I love Jenny Lewis
My friend Pat Gavin really, really likes the singer and songwriter Jenny Lewis.
Ever heard of her? If you listen to indie rock, you probably have.
If not, all you need to know is, she's a child actor turned singer. She fronts a band called Rilo Kiley, and released two solo albums in the past couple years.
I've heard people praise her. I've heard people tear her down.
Today my dear friend Pat wants to share his love of Ms. Lewis with all of us.
This time next week, I'm going to take up the anti-Jenny Lewis stance. But for now, here's what he thinks ...
In the interest of full journalistic disclosure, I will now admit a few things. I like Jenny Lewis ... a lot.
That lovely picture Sam put next to the article -- that's my computer desktop. I like her more than I like my iPhone. But what's not to like? She writes, sings and performs the crap out of her songs. And her fiery red hair smells like cinnamon (I just assume).

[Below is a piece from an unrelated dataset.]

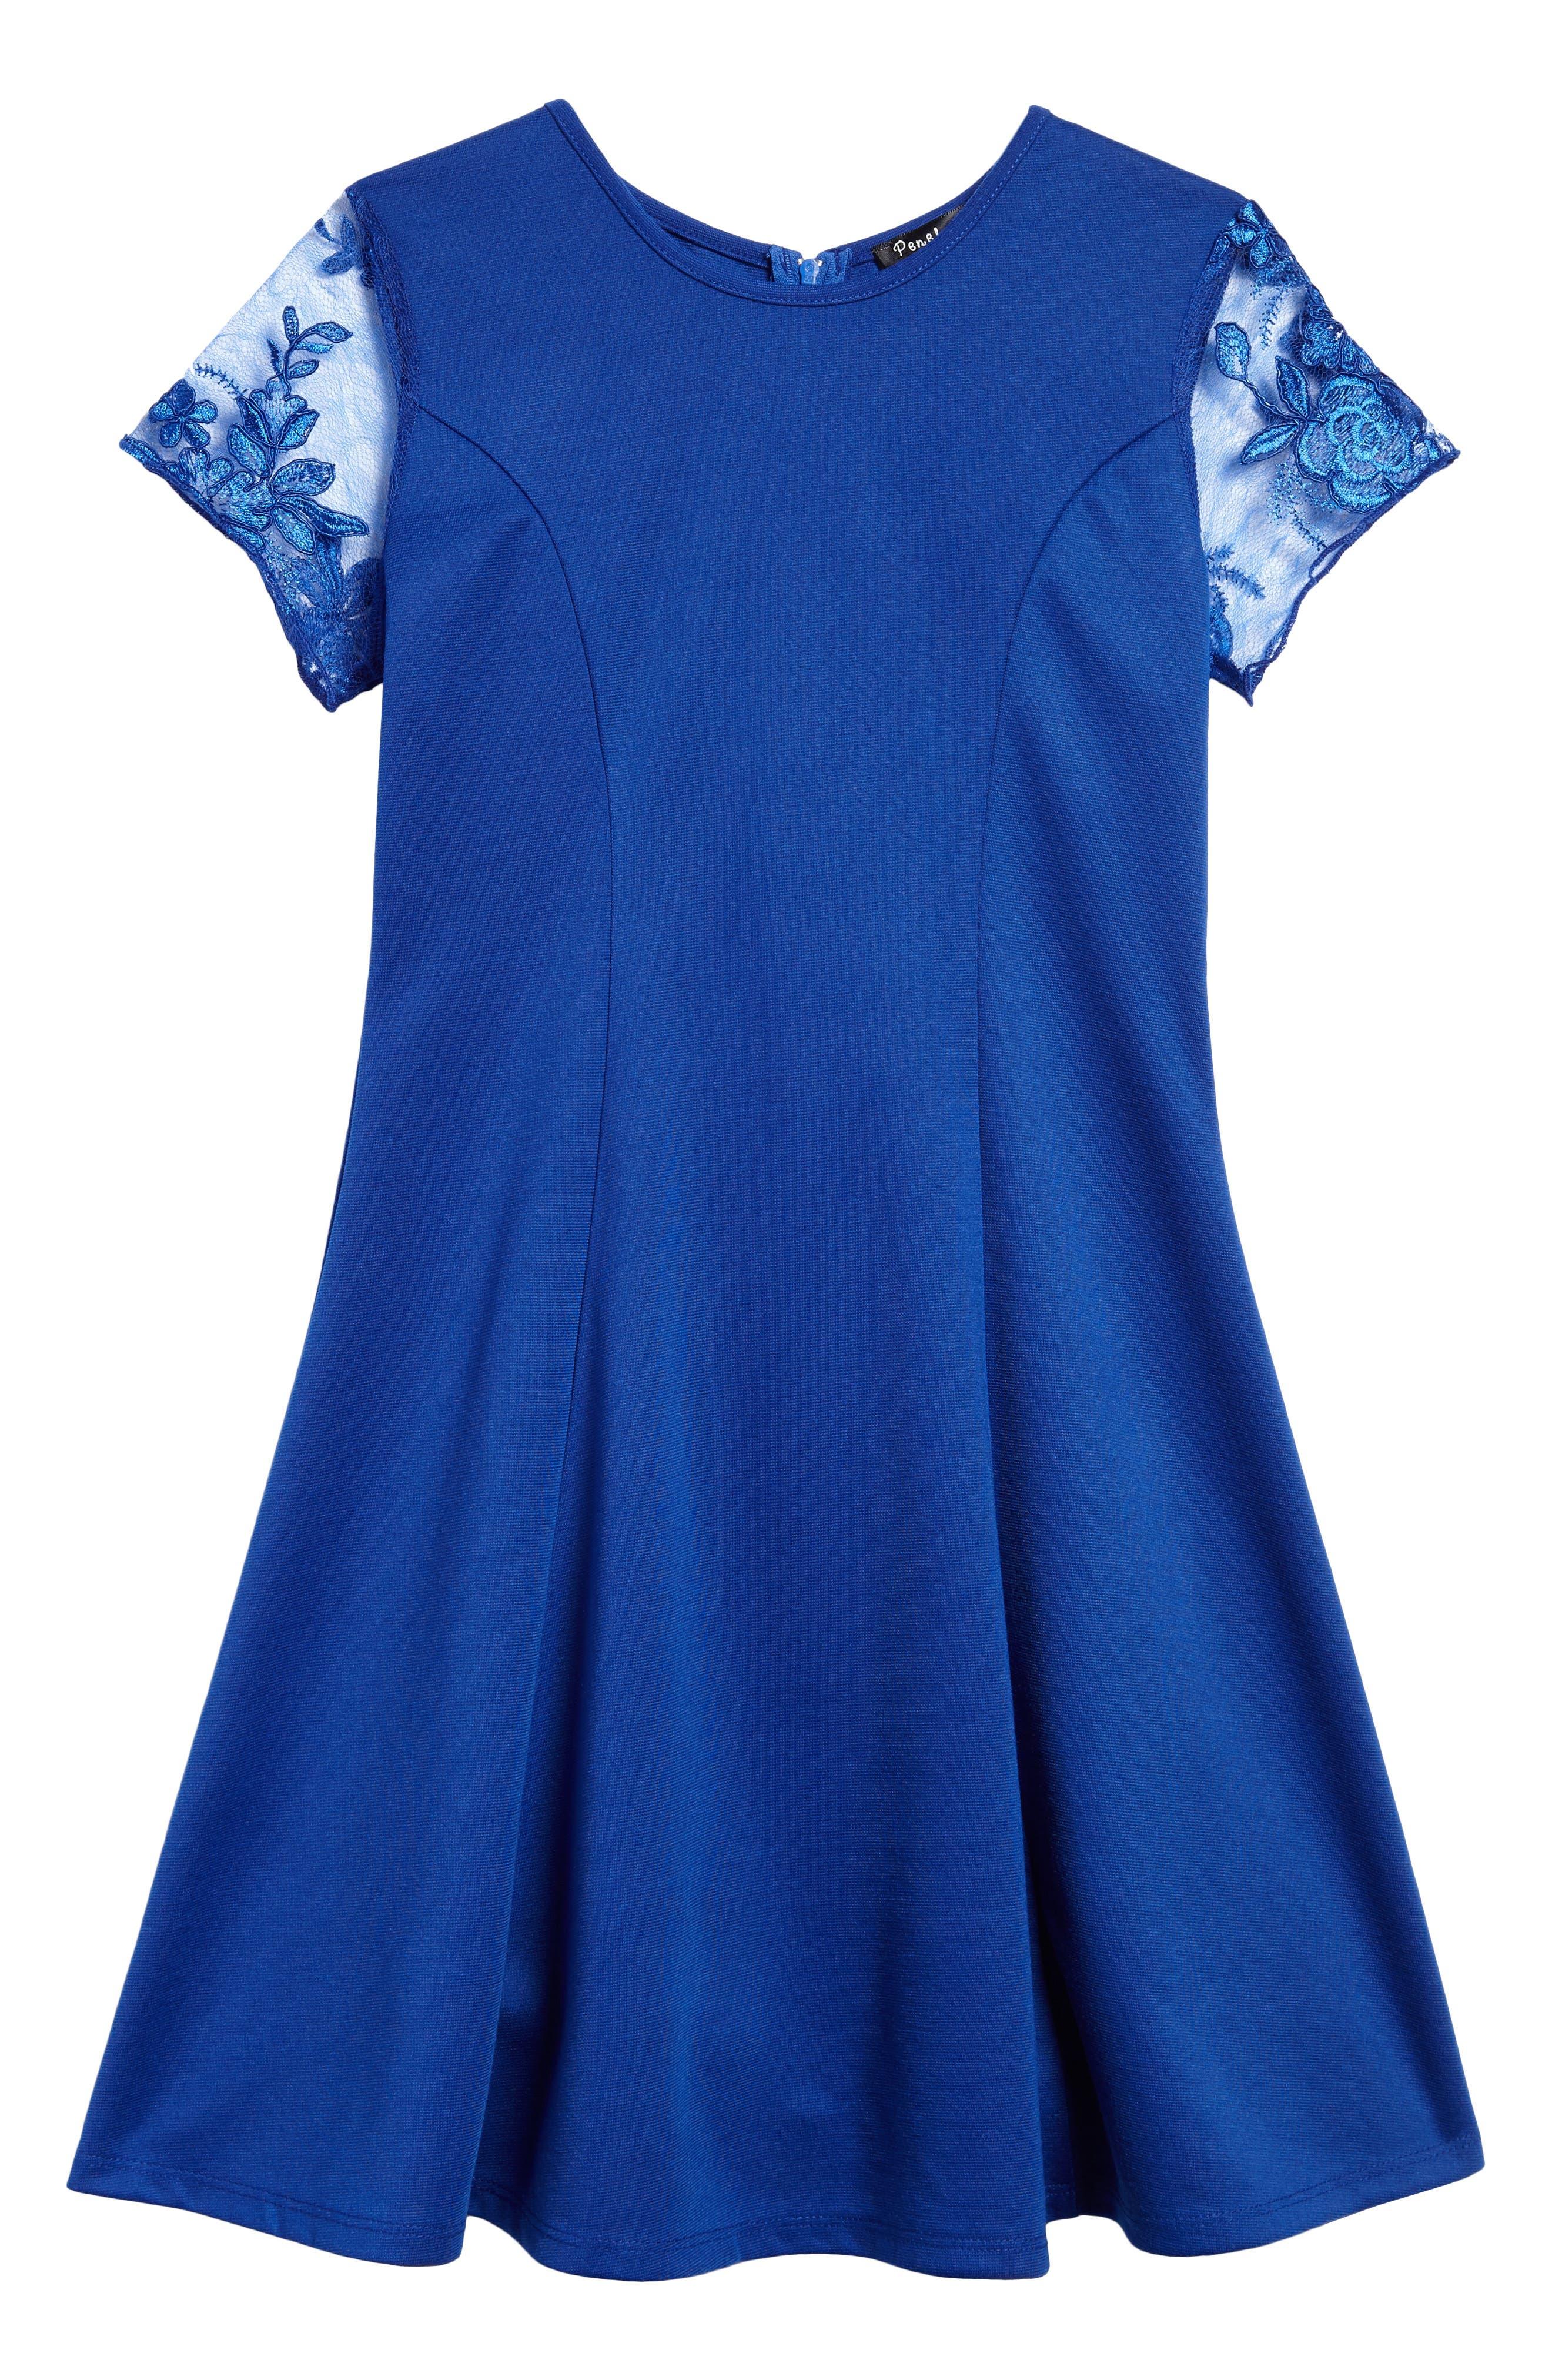 Priscilla Lace Sleeve Dress,                             Main thumbnail 1, color,                             Royal

Jenny has forever been a fantastic storyteller. As one Amazon reviewer puts it, the tri-perspective "A Man/Me/Then Jim" from More Adventurous is the sort of song that "makes you stop whatever you're doing and just listen." Her skills as a raconteur are in full effect on the new solo joint Acid Tongue, in full-on rock medleys "The Next Messiah" and "Jack Killed Mom."
Jenny's talents have been evident since her Saddle Creek days: An angelic voice working in perfect synergy with lyrics that are endearing one second ("it's your little red wagon and you've got to pull it") and breezy the next ("My momma is an atheist / If I stay out late she don't get pissed") ...
With "Acid Tongue," she still plays to these strengths, but without a radio-friendly pop single in sight, she isn't likely to become American's sweetheart just yet. In other words, it's still not to late to adore her, cannibalize and co-opt her identity and music into part of your pathetic indier-than-thou personality and then get tired of it all and spit her out all before your friends with only a casual interest in music discover her. I mean, you know, if that's your thing.
Maybe you didn't like "Moneymaker" from the last Rilo Kiley album, Under the Blacklight. One year and twenty two new Rilo/Jenny songs later, it's time to get over it.
Personally I liked that tune (especially the acoustic version the crafty Googler can find on the net). Sure it was virtually verse-free, but hell, a bunch of Dylan songs didn't even have refrains. If "Moneymaker," Jenny's "gone electric" song of sorts, wasn't your cup 'o tea because you thought it was a major label compromise, OK, I can see that. But to date, it's been her only compromise in nine years and seven consistently excellent albums.
For the artist with a work rate that makes Lil' Wayne look like a slouch -- contributing vocals and verses to Elvis Costello, the Postal Service and others while churning out an album a year -- the joy is in seeing what Jenny will do next.